Like Daniel, Fairhead was in a quandary about what to do with his future. It seemed altogether likely that one day they would have children. In the meantime Sophie was content to follow the drum, should he be posted abroad or away, but Fairhead himself declared that an itinerant life was no life for little ones, and, furthermore, he was not sure that he wanted to remain in the army chaplaincy, or even remain a clergyman.

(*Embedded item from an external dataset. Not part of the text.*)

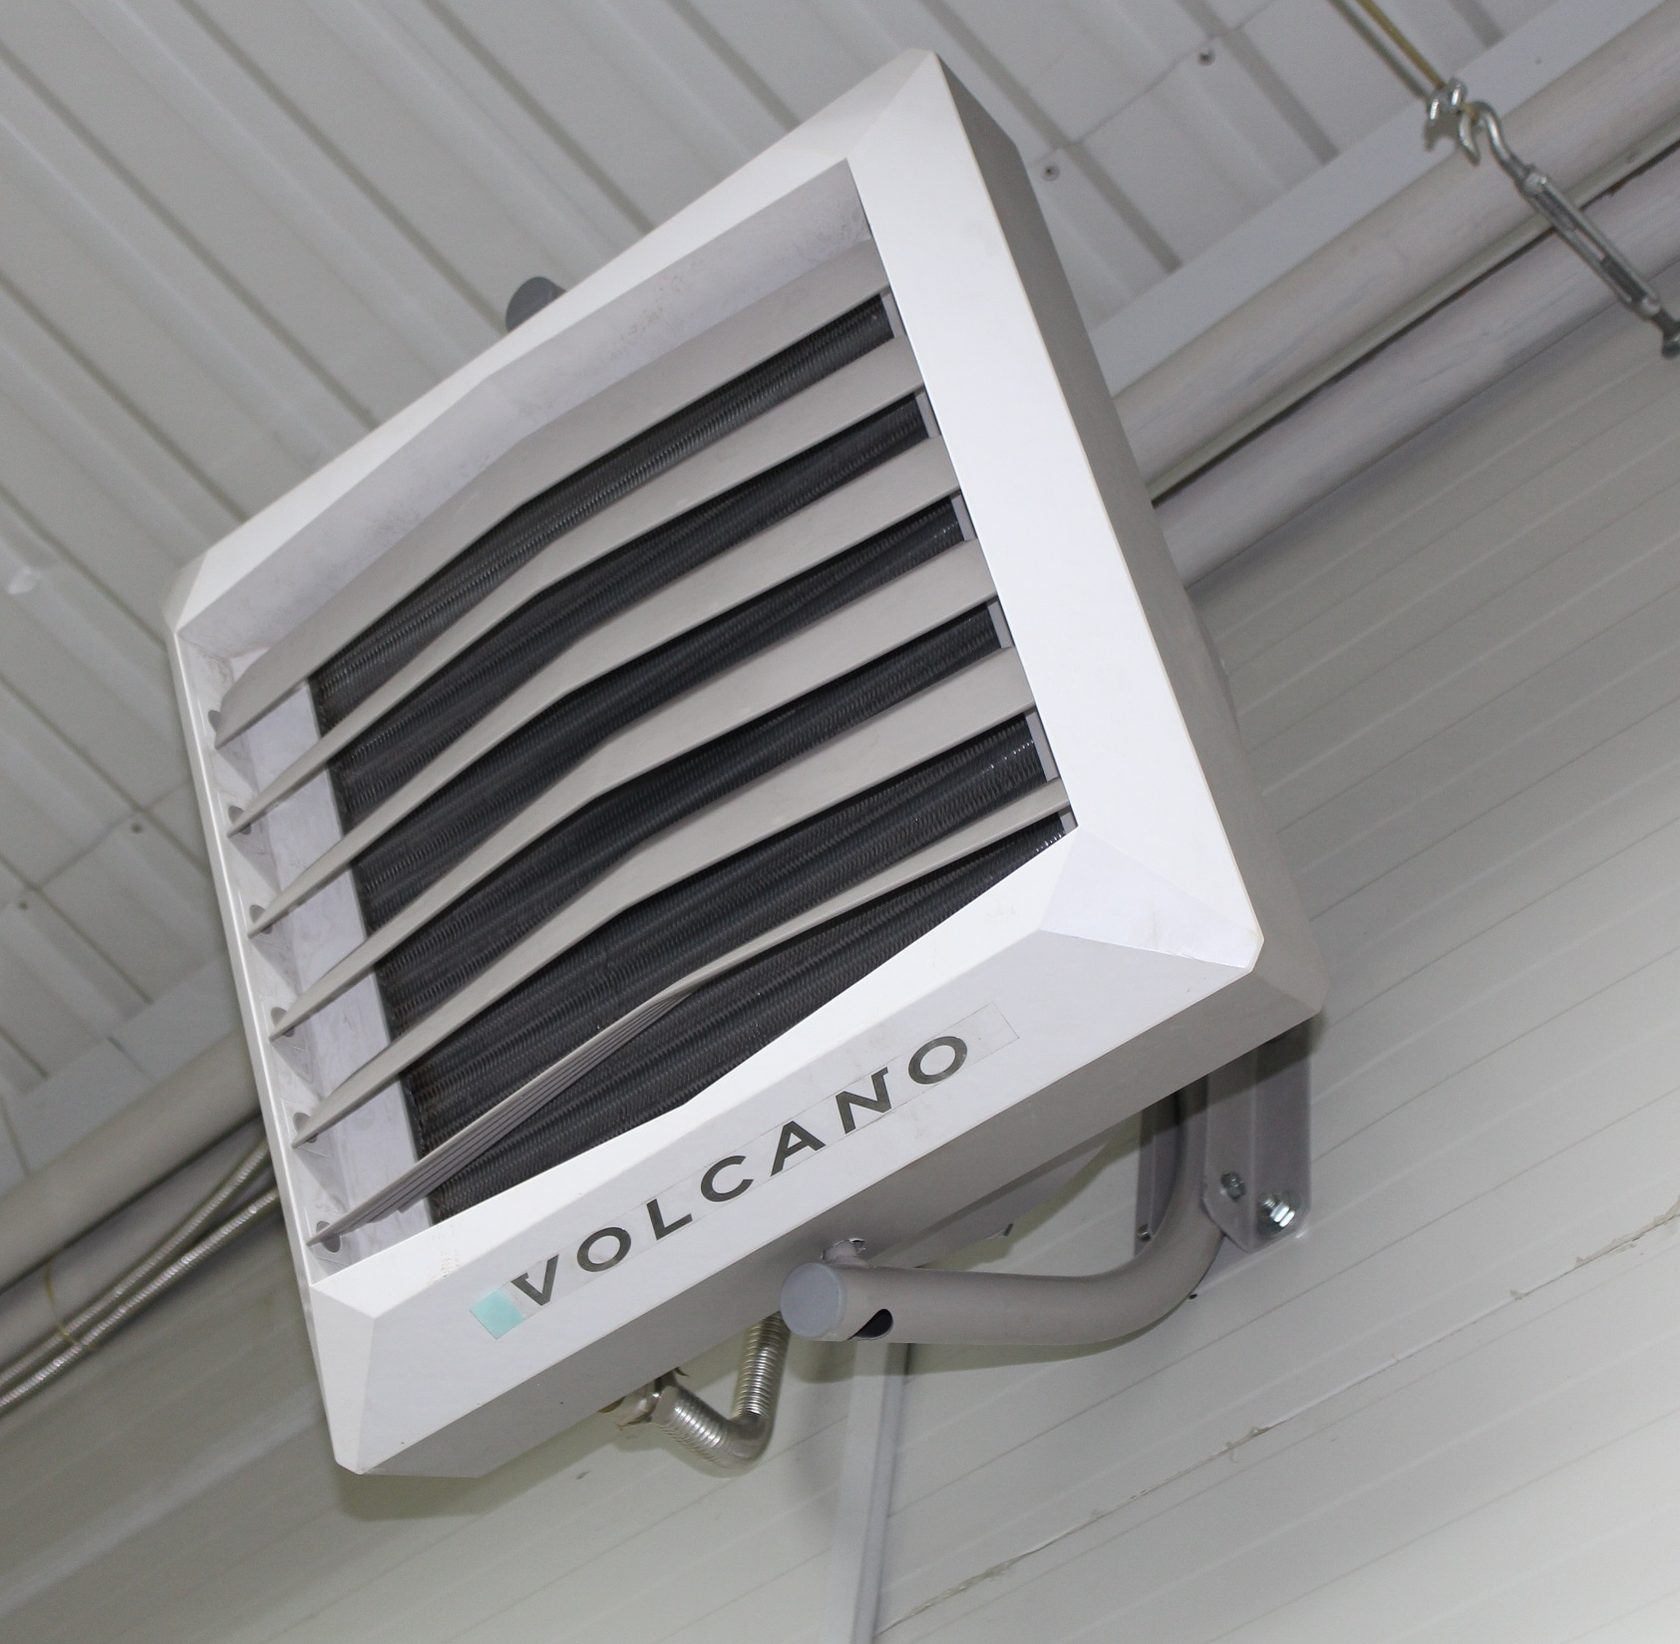 Новости Днепра про Область применения тепловентиляторов «Volcano»

‘I’ve painted myself into a corner,’ he said to his wife one day. ‘I’m unqualified for anything except the Church or a public school. Or, worse, a prep school.’
‘Let’s go into trade,’ suggested Sophie. ‘Mama would be so shocked.’
‘But your father is in trade,’ said Fairhead.
‘Well, Mama does find it shocking,’ replied Sophie. ‘She tries not to think about it. She aspires to inherited wealth.’
‘Well, it’s thanks to Great-Aunt Arabella that we have this house. Let’s not denigrate inherited wealth.’
‘I’d only denigrate it if there were no chance of it. Isn’t it odd that no one is called Arabella any more?’
‘Or Anastasia. Or Rahab. Or Salome. Or Judas. Or Delilah.’
‘I’m not surprised about Salome and Judas and Rahab and Delilah.’
‘No, neither am I. What do you think I should do?’
‘You keep asking, dear, and the only thing I can think of that would really suit would be to be a hospital chaplain, as I keep saying. You are so good with the mortally ill. Simply excelsitudinous.’
‘I don’t really have the faith any more.’
‘Can’t you pretend?’
‘Honestly, darling! What do you think God would want of me?’
‘But you don’t seem to believe in Him any more! And God can’t want anything, can He? If He’s omnipotent He can have whatever He wants whenever He likes, can’t He?’
‘Gracious me, Sophie!’
‘Well, He can, can’t He?’ She paused whilst she unpicked a bad stitch in her embroidery, then said, ‘Why don’t we think about what God would want if we were God?’